■ TASK DESCRIPTION
For every line below, restate it exactly and drop the images.

■ SUPPLIED INFORMATION

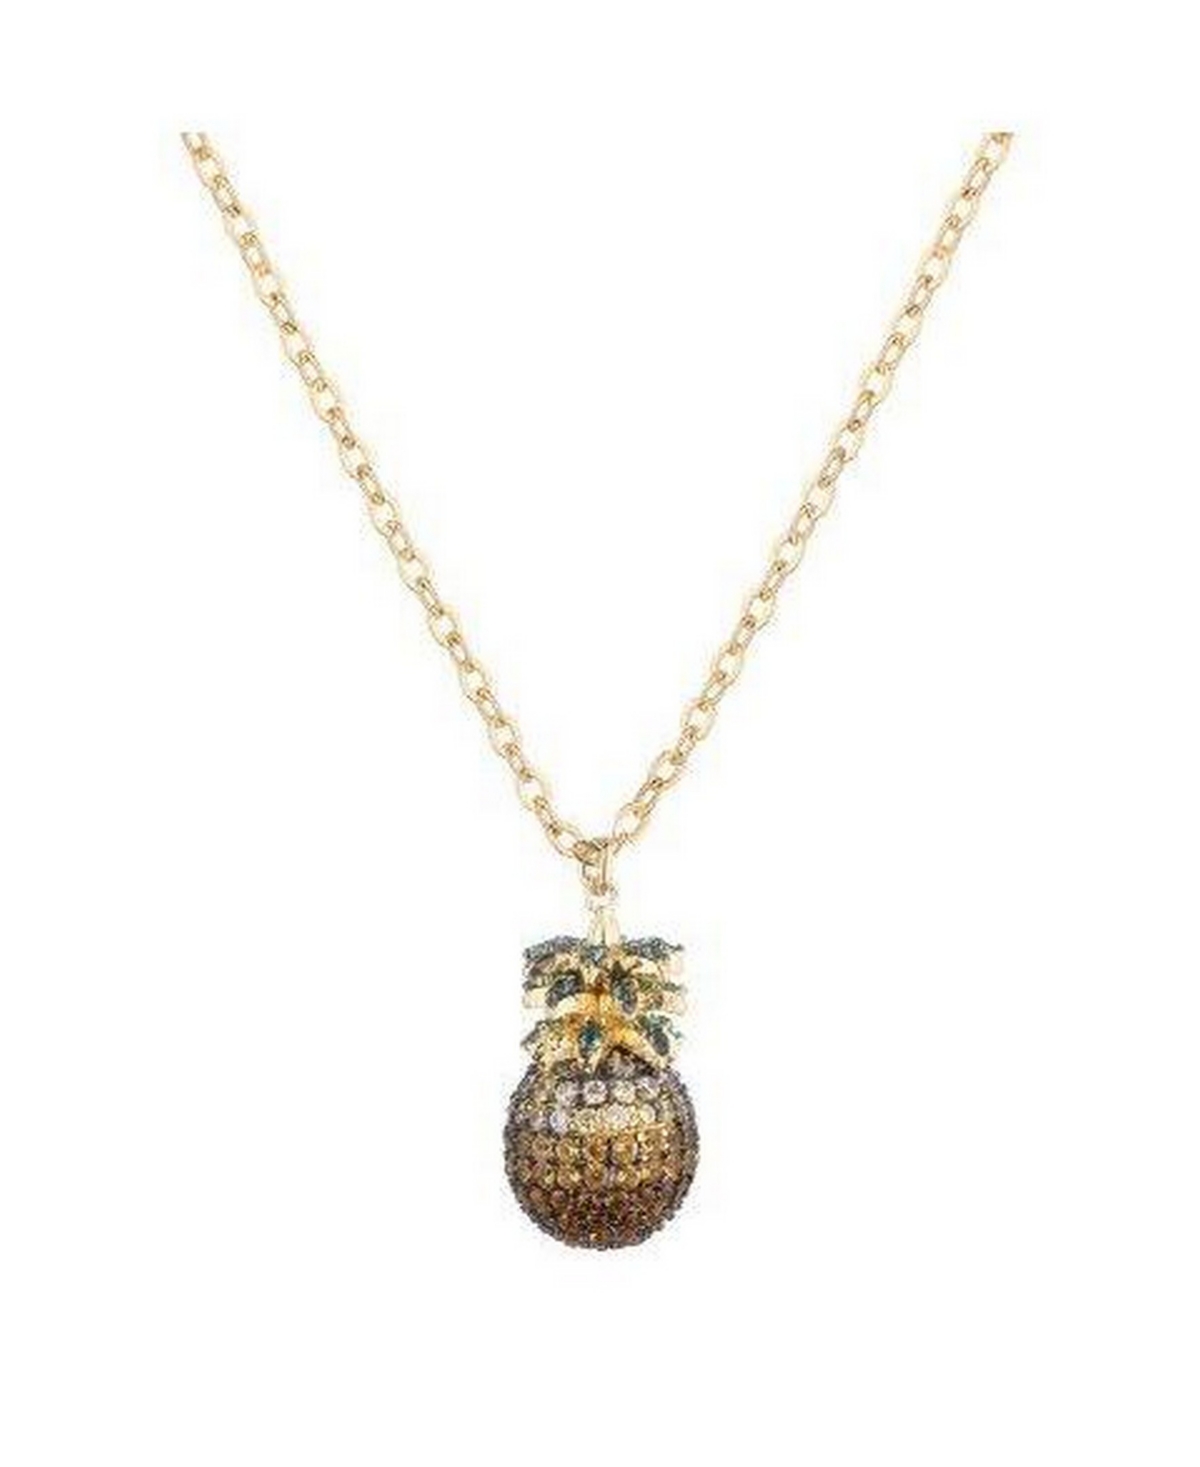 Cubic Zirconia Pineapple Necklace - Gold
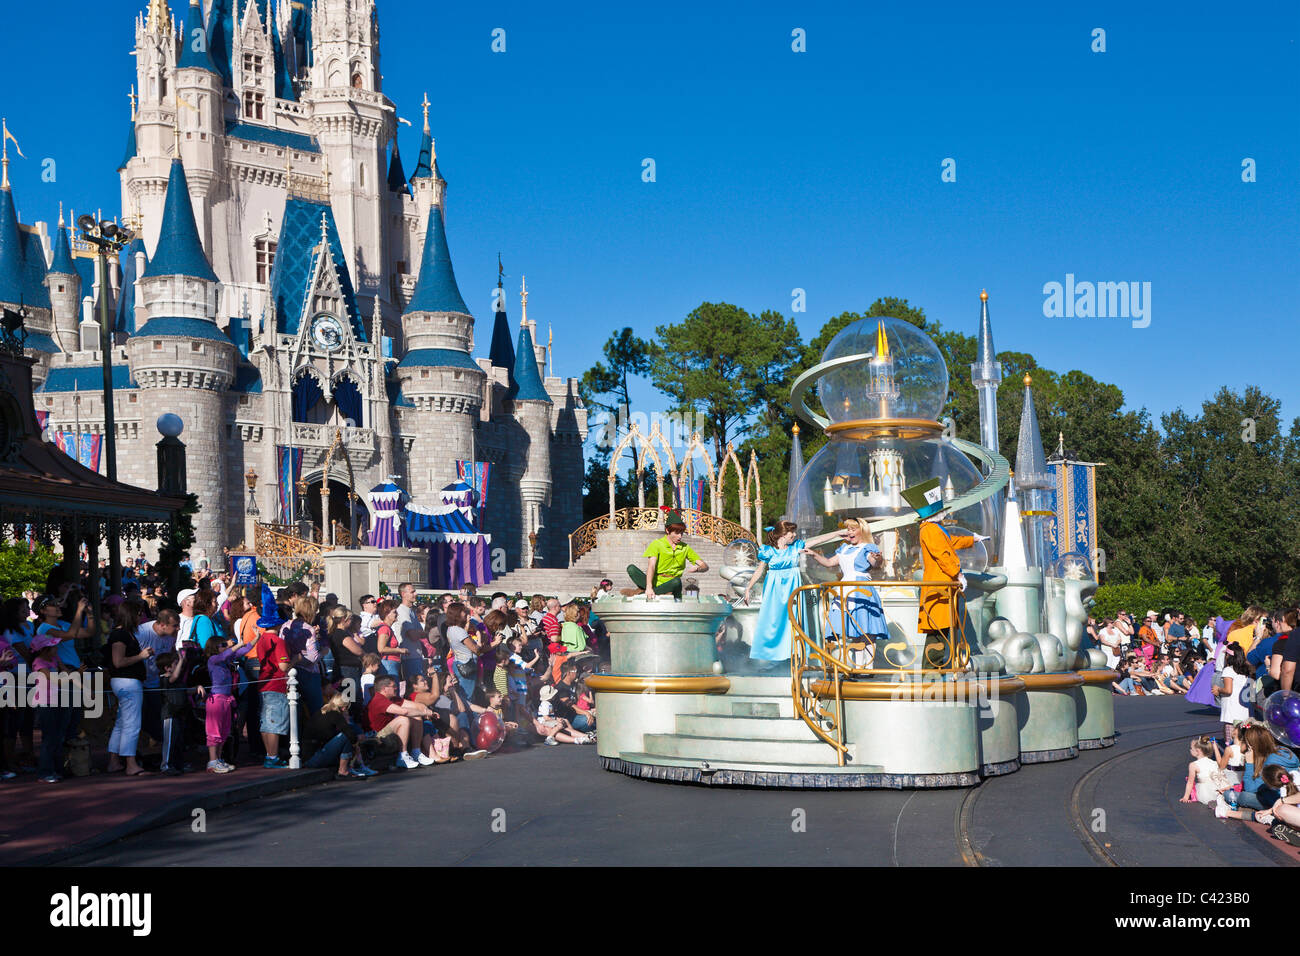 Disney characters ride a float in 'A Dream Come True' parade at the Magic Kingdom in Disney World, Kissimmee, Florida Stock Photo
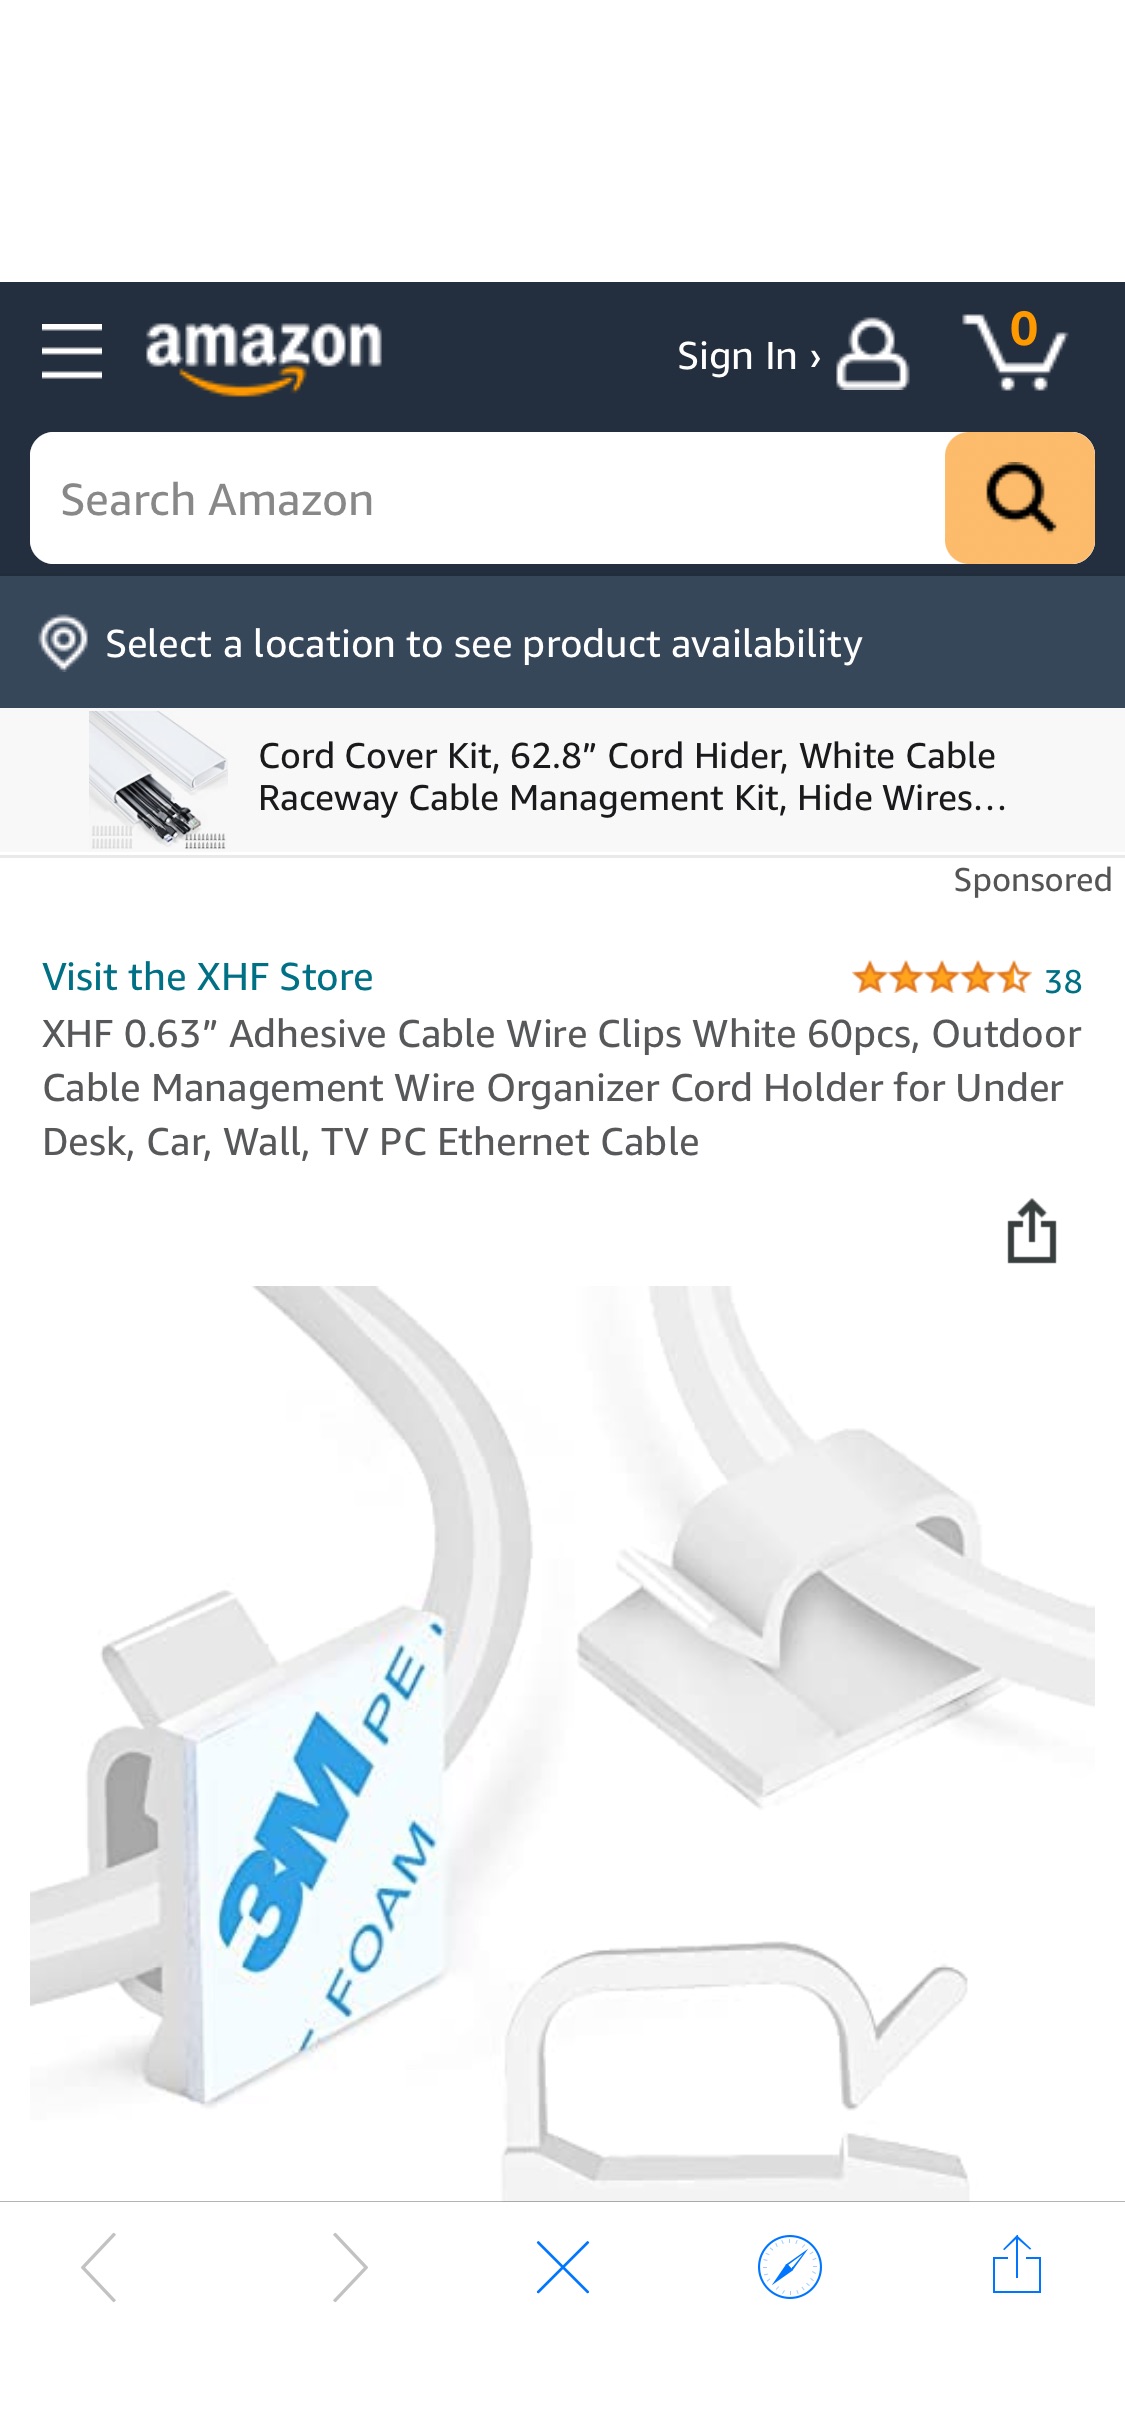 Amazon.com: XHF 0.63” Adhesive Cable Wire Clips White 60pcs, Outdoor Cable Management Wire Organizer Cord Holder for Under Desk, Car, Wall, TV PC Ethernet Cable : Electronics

■ RESULT OF THE TASK
 Cubic Zirconia Pineapple Necklace - Gold
 Disney characters ride a float in 'A Dream Come True' parade at the Magic Kingdom in Disney World, Kissimmee, Florida Stock Photo
 Amazon.com: XHF 0.63” Adhesive Cable Wire Clips White 60pcs, Outdoor Cable Management Wire Organizer Cord Holder for Under Desk, Car, Wall, TV PC Ethernet Cable : Electronics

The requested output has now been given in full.